Nearly 200 top jobs in the administration remain vacant a year after Obama began planning his ascension to power, the result of stalled nominations, new ethics rules, lengthy background checks and delays in Senate confirmations. More than half the vacancies are at five departments: Justice, State, Treasury, Defense and Homeland Security.

Like anyone at Customs and Border Protection in the Obama Administration has a hope and a prayer of getting any serious work done.

“Those are pretty significant policy jobs, and ones that the public ought to be concerned about,” says New York University professor Paul Light, an expert on the federal bureaucracy. “Obama is well on pace right now to set a new record in terms of lateness.”

Hey, man. CPT…Coloured President’s Time. They’re also attempting to blame this on Republican stalling tactics, which is laughable considering the diminished number of Congressional Republicans in key positions now. They also blame our impossibly high standards:

“The bar gets set by a combination of political pressure, media pressure, outside interest group pressure,” says Democratic strategist Steve Elmendorf. “You can’t create a standard that people who live normal lives … can’t meet.”

Yes, I can’t tell you how many people I know who have cheated on paying tens of thousands of dollars in taxes or used political leverage to get a lucrative government contract. Tim Geithner failed to pay $34,000 in taxes and is still Secretary of the Treasury! It would be like appointing someone to Secretary of the Interior who starts forest fires. Even Bill Richardson and Tom Daschle would not have held up to scrutiny.

But the deflection about Obama’s own sense of moral fortitude is just too much:

Ethics rules instituted by Obama prohibit lobbyists from working on issues they promoted or at agencies they lobbied during the previous two years. The rules also forbid them from lobbying the administration after they leave.

Tom Vilsack and Gary Locke were lawyers handling work for the government, and Eric Holder was a registered lobbyist. Susan Rice worked for the Brookings Institution before the two year limit (I do consider a “think tank” nothing more than a lobbying group), and Ron Kirk was a lobbyist right up until his appointment. Hilda Solis might be the very first person who lobbied herself.

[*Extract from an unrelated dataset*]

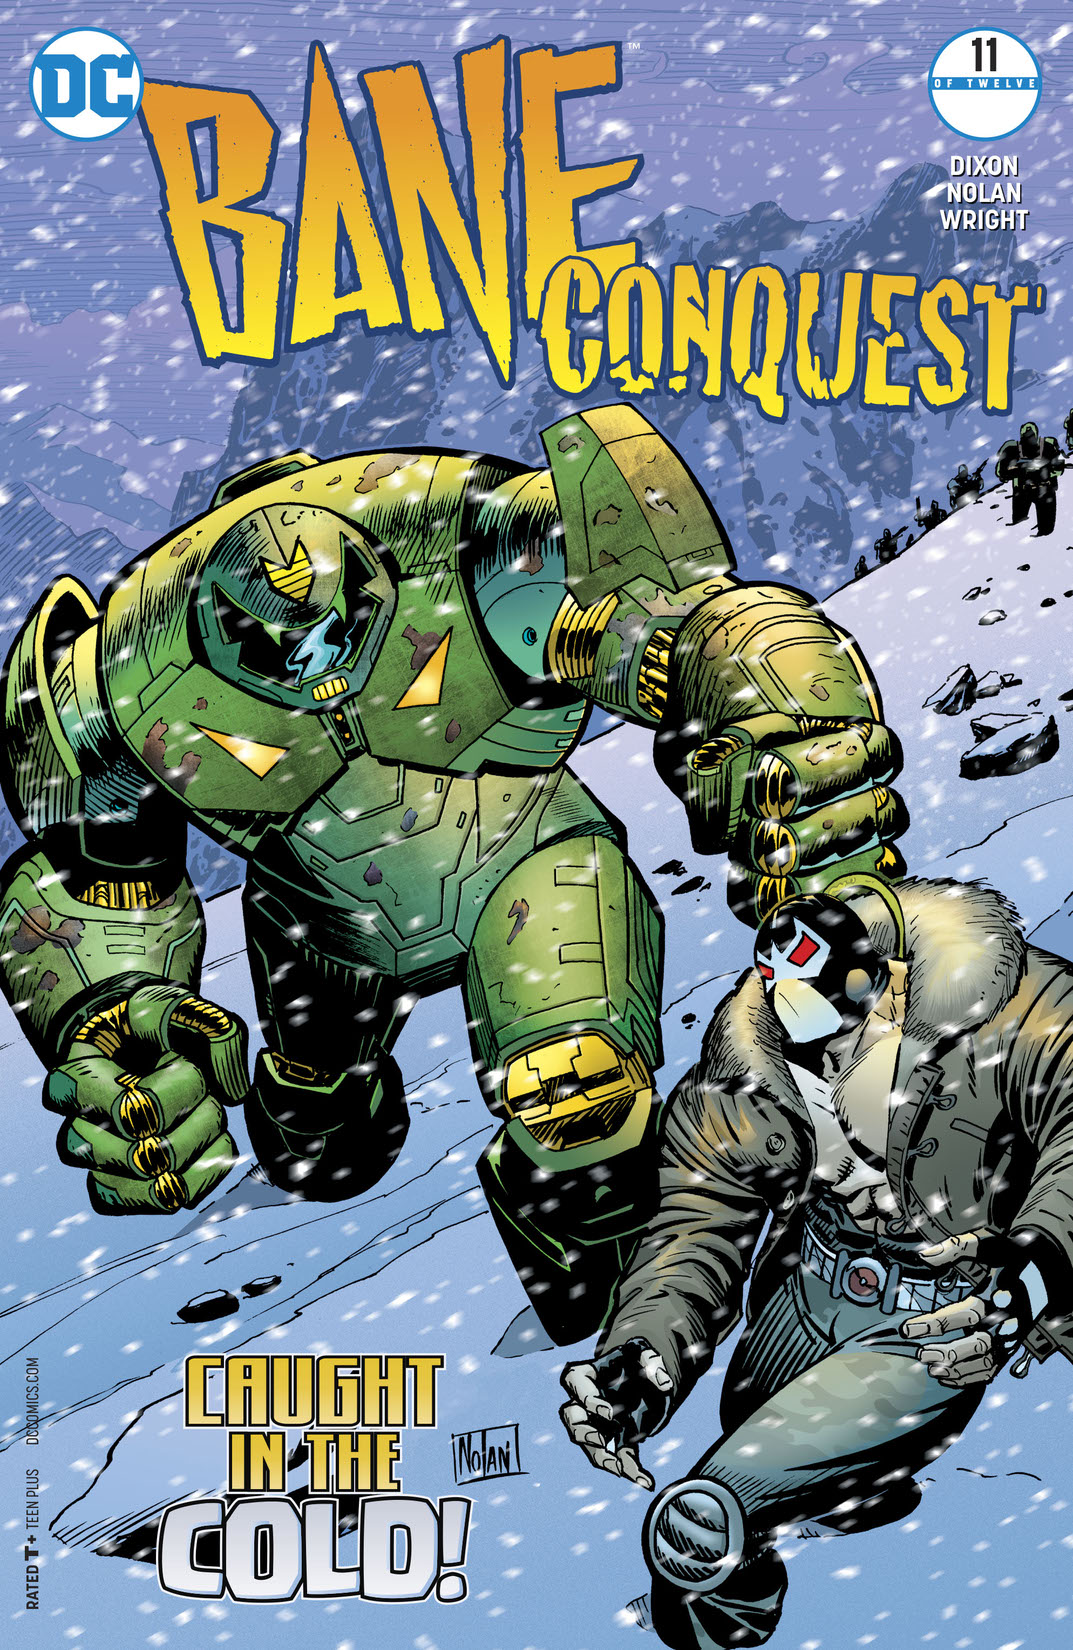 Bane: Conquest #11 preview images

And for the record, many of Obama’s selections for Cabinet posts were voted for unanimously by Senate Confirmations. So much for stalwart Republicans.

People assume that Anita Dunn is just a symptom of a larger group, but personally I think she stands head above shoulders over all of these other people. She’s the rare person affiliated with President Obama who really says  whatever is on her mind, which is invaluable for anyone attempting to grasp what is the essence of the brand-new Democratic Party. She believes that the media are the ones hurting America, and that clamping down on certain news outlets is a healthy exercise in democracy. Looking at the suits handled by her husband’s law firm, Perkins Coie, they have litigated to get Washington Governor Christine Gregoire and Minnesota Senator Al Franken elected in obviously fraudulent election results. He also defended Osama bin Laden’s bodyguard and driver. So it isn’t as if she’s pretending with any of us. Rubbing our noses in it is far more apt an expression.

So thanks for telling us what you felt we needed to know all of these years, Anita. But don’t worry–we know you were just kidding about the Mother Teresa thing.

One Response to “My two favourite Washington insiders”

  1. The Mayor Says:

    What is it about chicks named Anita that make them such a pain in the ass to Conservatives?

    That’s some great work you put into that post, Rocky. I also prefer the *devil we know* when it comes to vermin like Dunn, but I suppose Dan Pfeiffer will have his own skeletons we can pick over.